St Kilda East is a suburb in Melbourne, Victoria, Australia, 6 km south-east of Melbourne's Central Business District, located within the Cities of Glen Eira and Port Phillip local government areas. St Kilda East recorded a population of 12,571 at the 2021 census.

St Kilda East is one of the more diverse and densely populated suburbs of Melbourne. It has a prominent Hasidic Jewish community, descended from Polish and Russian immigrants. Quiet and residential, it is quite different from the adjacent suburb of St Kilda. However, the area around Carlisle Street is very diverse with a strong arts, alternative and indie community.

==History==

The St Kilda East area was part of the lands of the Boonwurrung tribe of Aboriginal Australians before being first settled by Anglo-British settlers in the 1850s. Smaller timber shacks were common during the early 1860s to 1870s, with larger houses on the bigger subdivisions. During the late 1870s, terraced housing began around the railway line.

Alma Park was laid out and areas surrounding the park were set aside for religious purposes, resulting in a large number of convents and chapels along Chapel Street and either side of Dandenong Road. In the 1950s, speculative development resulted in the alteration of many of the suburb's streetscapes. Centred on Chapel Street and to the east of the railway line, flats became common in the area.

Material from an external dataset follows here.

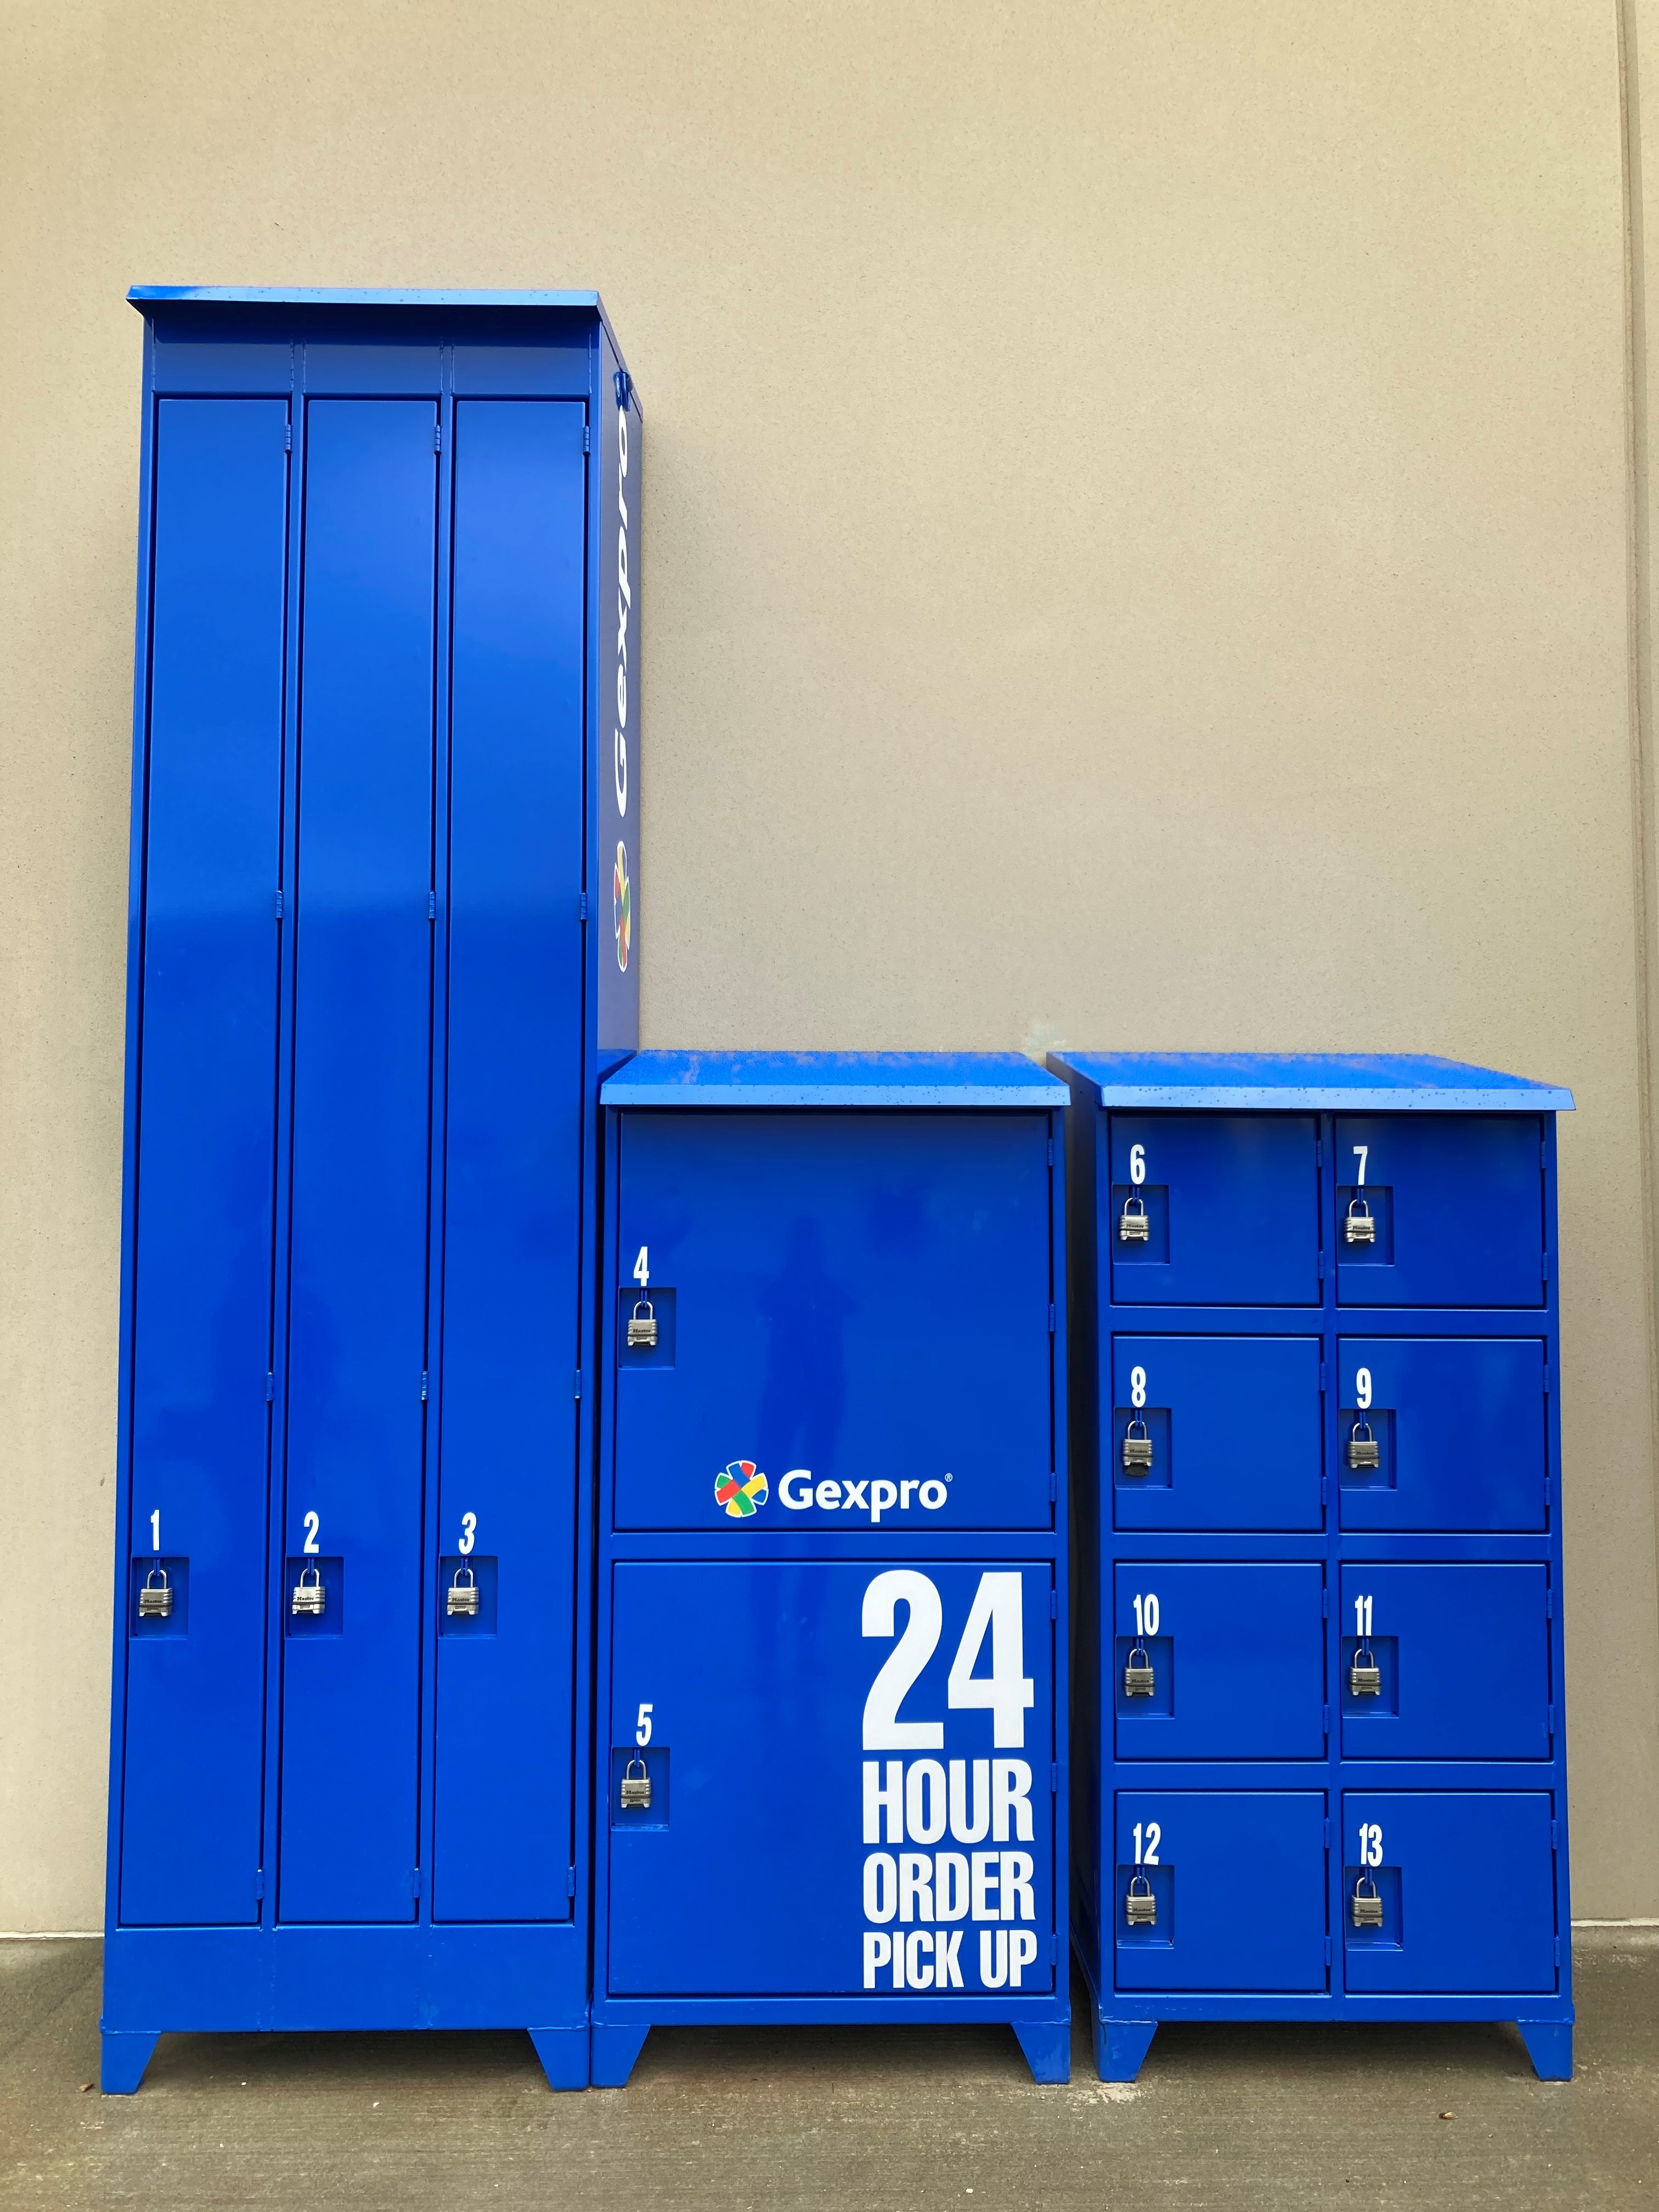 24 hour customer pickup lockers
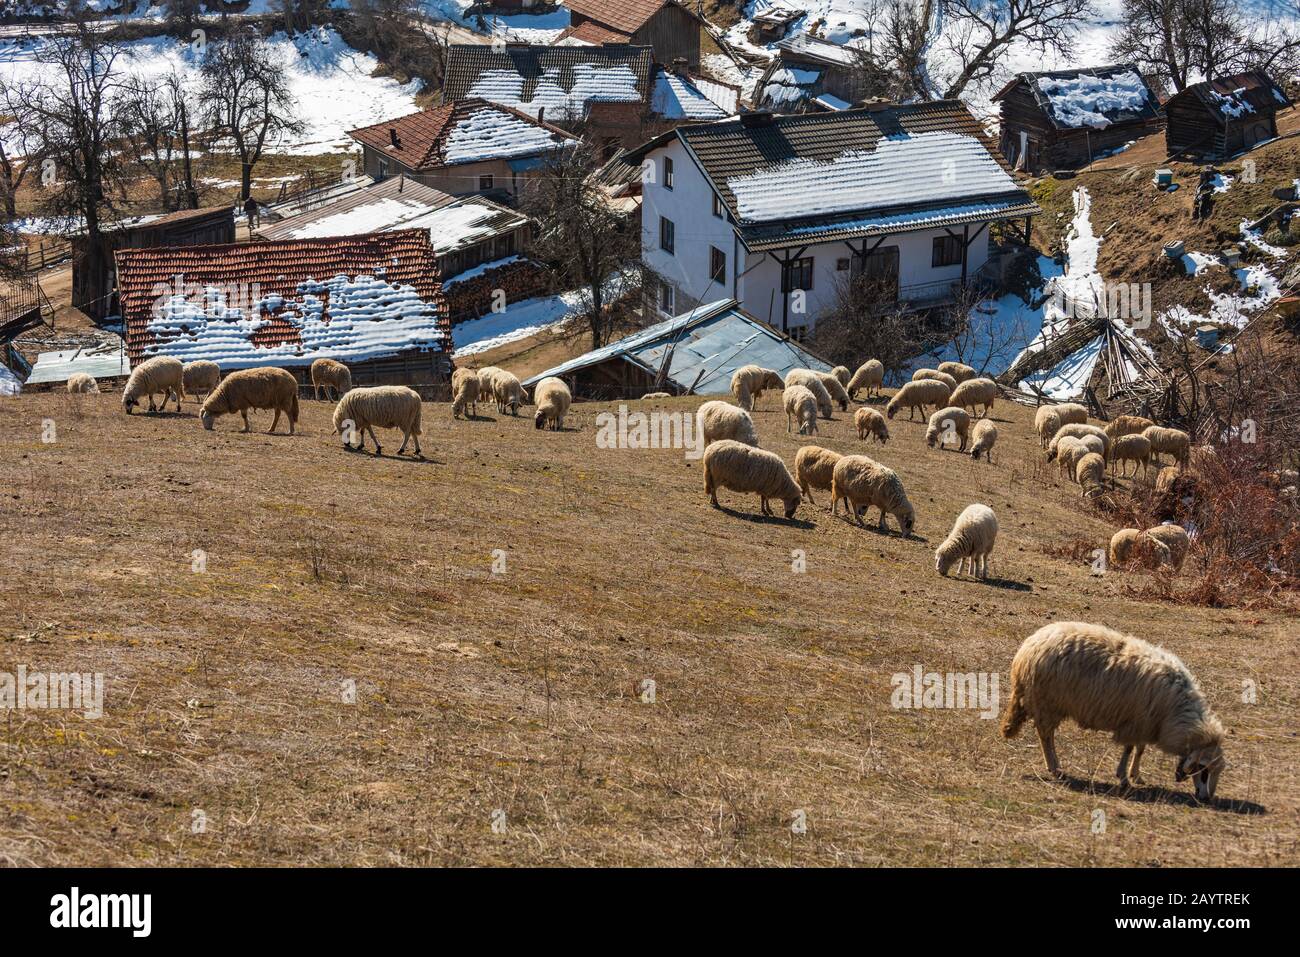 Haut dans les montagnes de Rhodope, la Bulgarie dans le petit village de moutons paissent sur le terrain. Les moutons fournissent de la laine, de la viande de lait pour les habitants de la région Banque D'Images

Recent development of the suburbs, rising land values and excellent access to public transport has seen recent gentrification in the area. Modern infill medium density apartments are being built on many blocks, with the Carlisle Street area designated an activity centre under the Melbourne 2030 planning scheme.

==Demographics==
64.6% were born in Australia. Other Countries of birth top responses were England 3.9%, India 2.3%, New Zealand 2.2%, United States of America 2.2% & Israel 1.7%.

Religious affiliation top responses were No Religion (so described) 41.5%, Judaism 26.4%, Catholic 11.2%, Not Stated 7% & Anglican 2.8%.

==Education institutions==

The main schools in St Kilda East are; the Edmund Rice Campus of St Mary’s College, the Caulfield Campus of Caulfield Grammar School, Malvern Community School, Ripponlea Primary School, the St Kilda East campus of Mount Scopus Memorial College, Yeshivah College, Cheder Levi Yitchak, Bnos Chana, Beth Rivkah Ladies College and part of St Michael's Grammar School. The Rabbinical College of Australia and New Zealand (Yeshivah Gedolah Zal), a tertiary institution for the training of Orthodox rabbis and religious functionaries in the Chabad-Lubavitch denomination, is located on Alexandra Street.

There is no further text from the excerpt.